FPGA-Audio – FPGA based MP3/WAV Player
The aim of this project was to build an MP3/WAV player using just a FPGA, some RAM & a stereo DAC.
The project consists of a custom 32-bit soft core processor running at just under 60MHz which decodes the MP3 algorithm in software with no hardware acceleration apart from a single cycle Xilinx multiplier unit.
The FPGA-Audio project hardware simply consists of a Xilinx Spartan 6 FPGA with supporting components (2xVREGs & SPI-PROM), asynchronous 512KB SRAM, 24-bit Stereo DAC & Micro SD socket.
(Voltage regulators & decoupling caps on bottom of board)
Additional connectivity is available via a ‘UEXT’ connector, a 10-pin expansion connector that can be used to connect to various modules provided by the popular Olimex Ltd (see here…).
The FPGA can be used to instantiate UARTs, SPI & GPIO (or other) interfaces to this connector in any chosen pinout.
This interface will in the future be connected to another custom board with a display, buttons & IR receiver to enable control of the audio player.
The aim was to create a minimal design where as much functionality as possible was realized internally in the FPGA.
The FPGA consists of the following blocks;
‘MPX’ is a custom 32-bit soft core processor written originally in VHDL but now also in Verilog. It is a pipelined RISC processor which implements the majority of MIPS-I ISA excluding the formally patented un-aligned load/store instructions, as well as the native HW multiplier & divider (mult, multu, div, divu instructions).
By not including native multiplication & division instructions, the pipeline is simplified and the core is smaller.
Multiplication & division is provided by replacement functions in the C library (mulsi3, divsi3, etc).
Note: GCC was modified to provide the option to disable the MIPS mult & div instructions as well as to enable turning off the patented unaligned memory access instructions.
A separate single cycle Xilinx/Spartan6 specific multiplier unit is instantiated as a memory mapped peripheral to provide the fast multiplication that the MP3 algorithm demands.
The FPGA-Audio board has an 8.192MHz oscillator which is used directly to clock the DAC (MCLK) and also internally multiplied using a Xilinx DCM to 57.34MHz to drive the rest of the SOC & CPU core.

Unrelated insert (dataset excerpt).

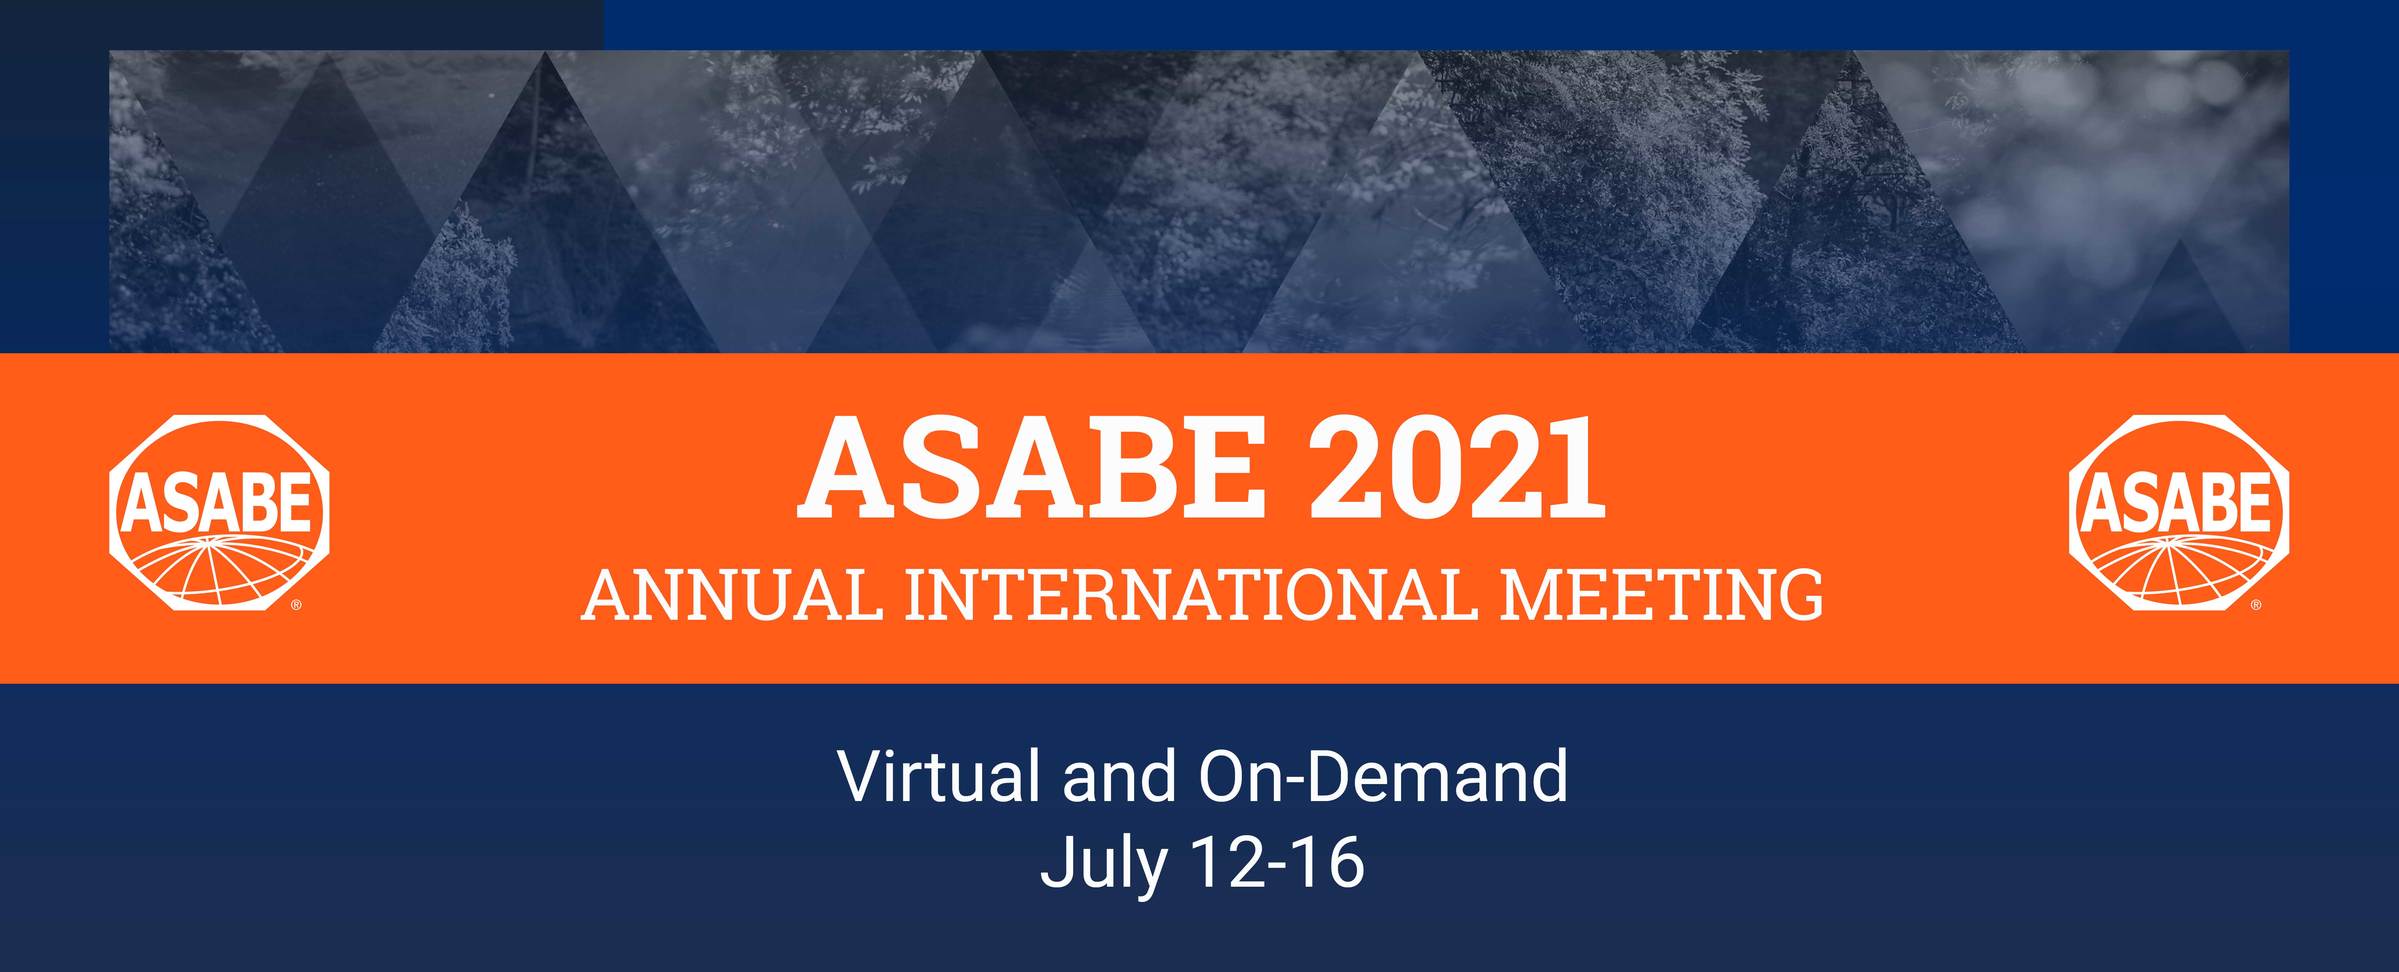 2021 ASABE Annual International Meeting

Unfortunately, the 8.192MHz clock means that playback of a 44.1KHz song is around 3% too slow, as the DAC MCLK frequency should be 8.467MHz for 192xLRC clock (44.1KHz).

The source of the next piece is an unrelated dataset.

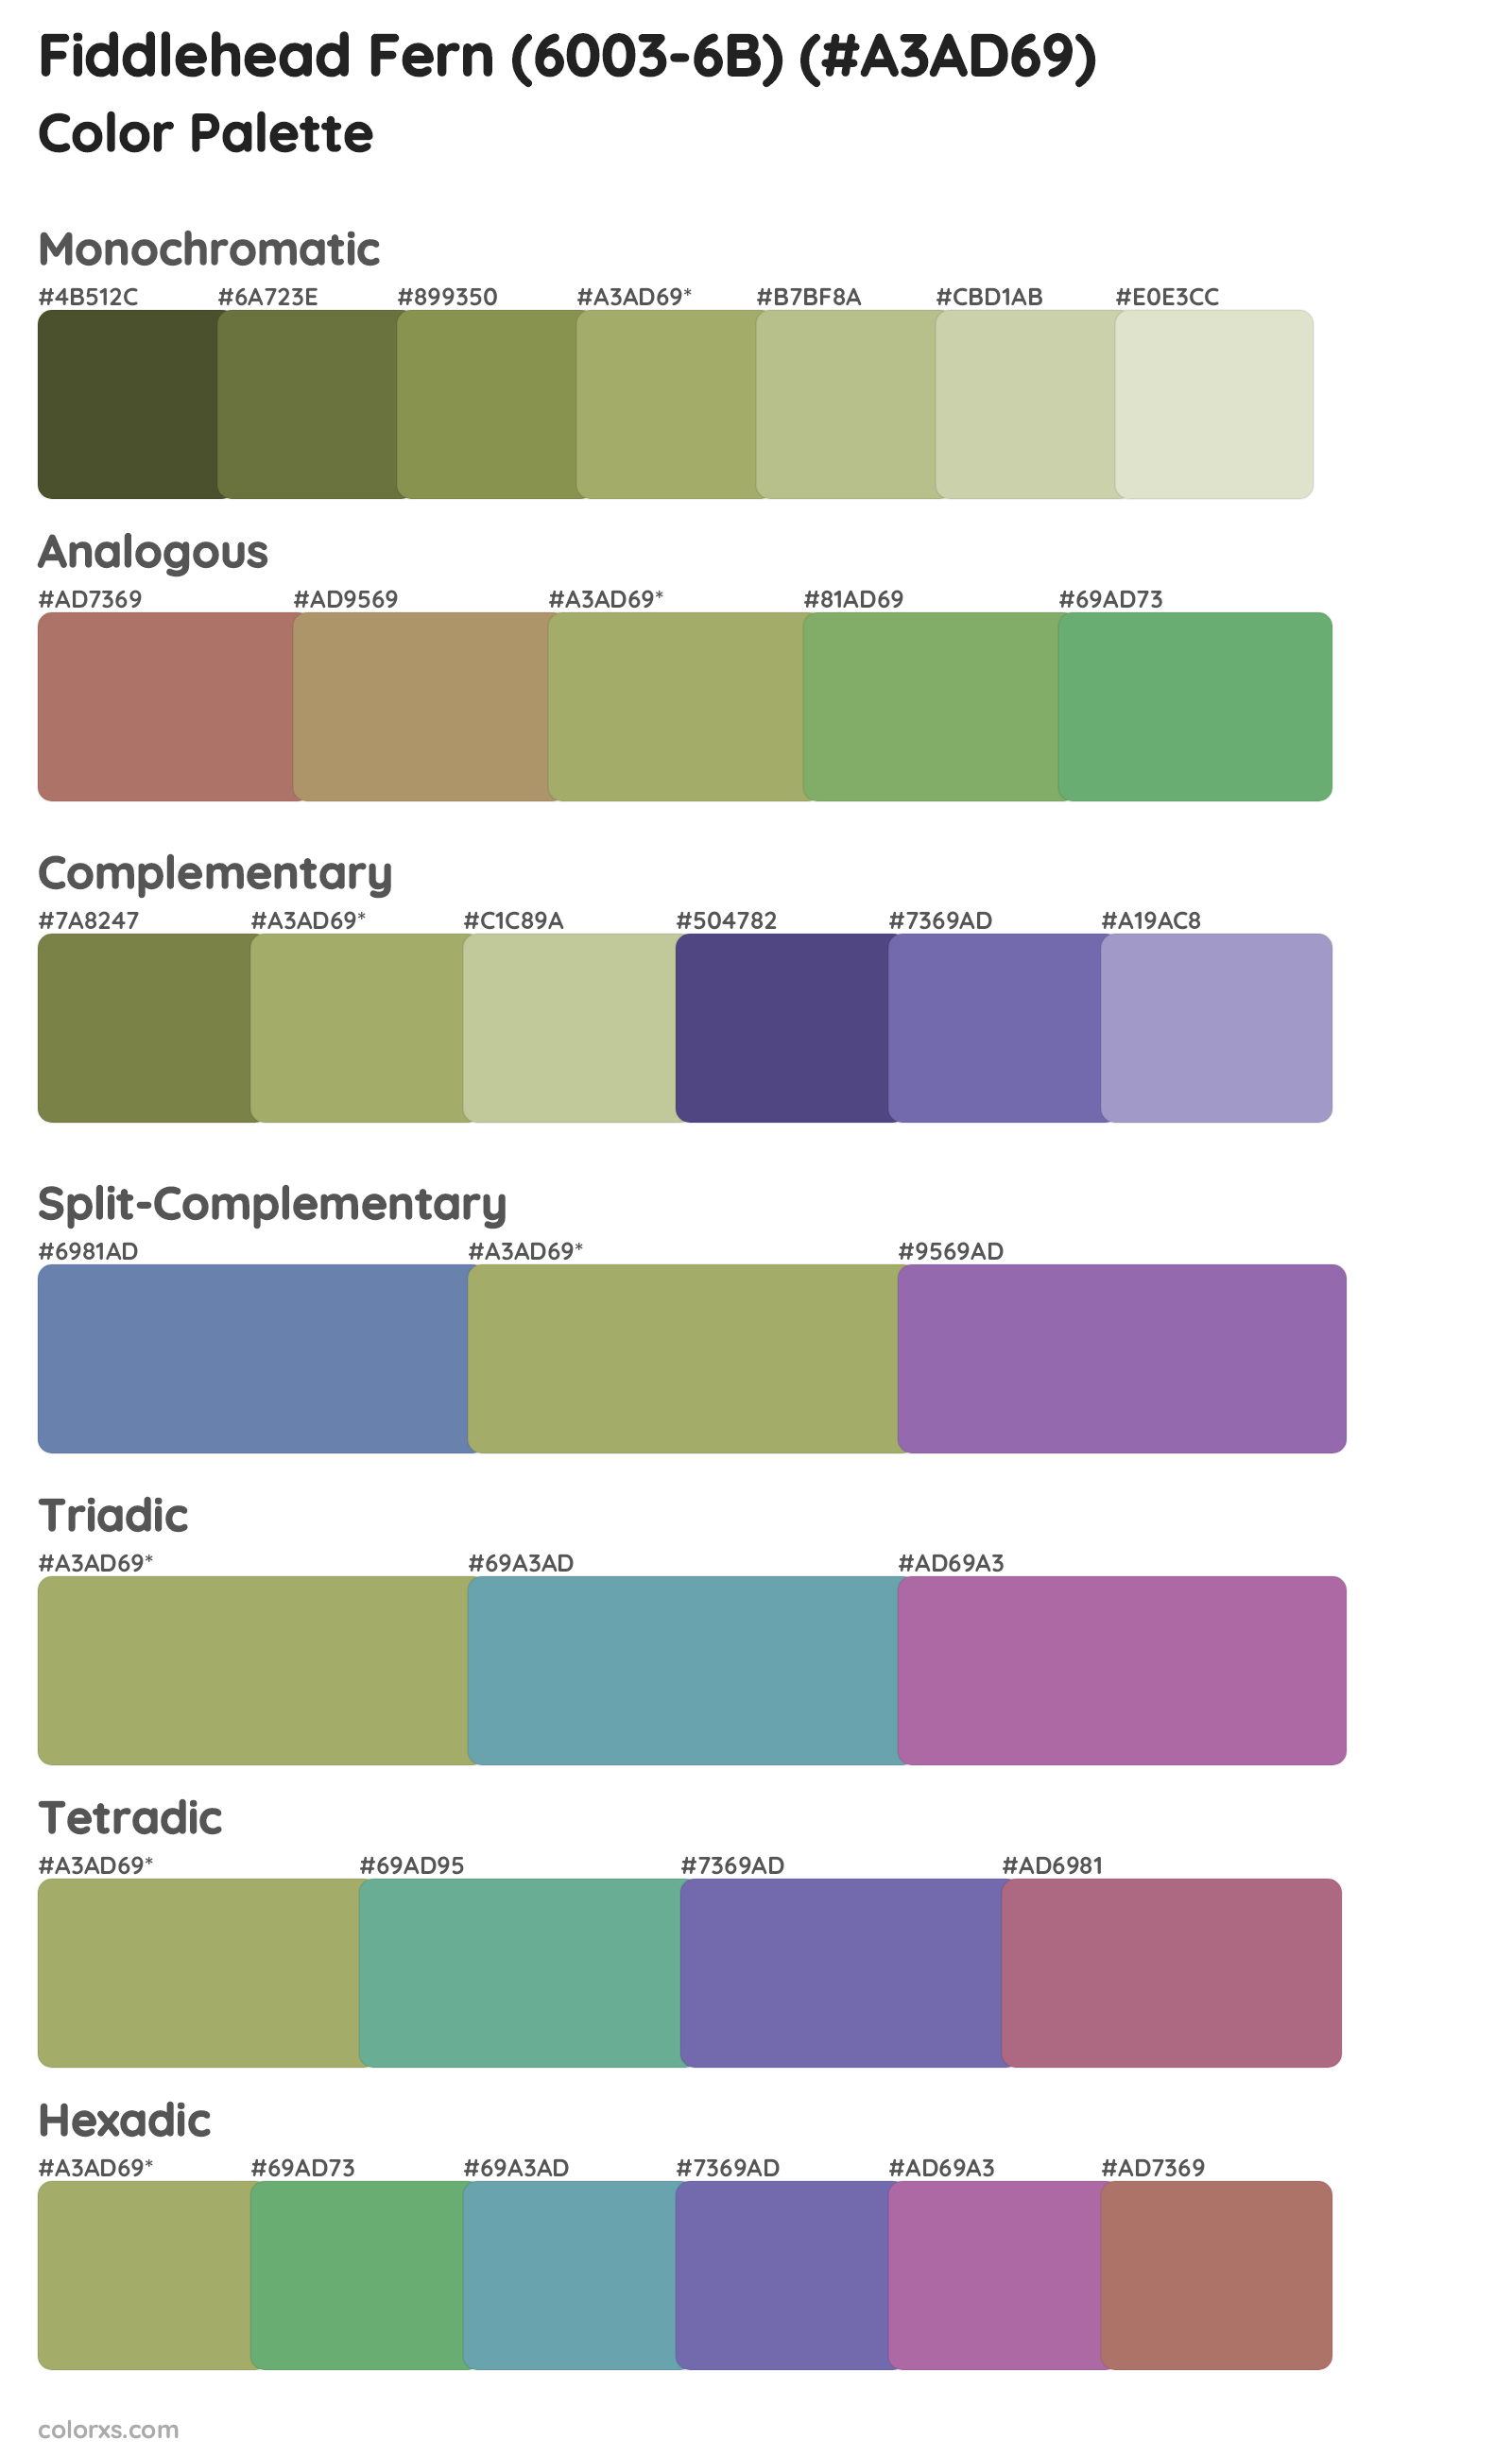 Fiddlehead Fern (6003-6B) Color Scheme Palettes

It doesn’t seem too noticeable to me however!
The soft core 32-bit CPU is called MPX. The name is derived from the fact that it implements the majority of MIPS-I ISA, meaning that it can make use of an existing GCC port for MIPs architecture (MIPs is a trademark of MIPS Technologies which I am in no way affiliated with).
MPX can execute 1 instruction every cycle except for memory access instructions which take 2 cycles (see below). It ‘features’ both a load delay slot & a branch delay slot.

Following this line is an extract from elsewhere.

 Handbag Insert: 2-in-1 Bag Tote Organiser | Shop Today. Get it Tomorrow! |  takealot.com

When executing from internal single cycle memory, MPX is able to achieve 65.57 DMIPS (Dhrystone 1.1) @ 57Mhz.
MPX is implemented with a 4 stage pipeline.
As the architecture has a branch delay slot, knowing that you will branch in stage 2 means that you will have also already scheduled a instruction fetch for PC+4 in stage 1, meaning you do not have to flush any part of the pipeline on a branch operation.
MPX is a pipelined Von-Neumann architecture (shared data & instruction bus) which lends itself to connecting to single ported RAM / external memory interfaces.
An improvement would be to switch to a Harvard architecture & arbitrate concurrent accesses to same single ported memory (e.g external async SRAM), and allow for fully concurrent accesses to distinct memories/peripherals (e.g. executing from external memory whilst accessing internal memory).
As MPX is currently a Von-Neumann architecture, memory access instructions cause a ‘bubble’ instruction to be inserted into the pipeline. Interrupts are also a source of pipeline bubbles.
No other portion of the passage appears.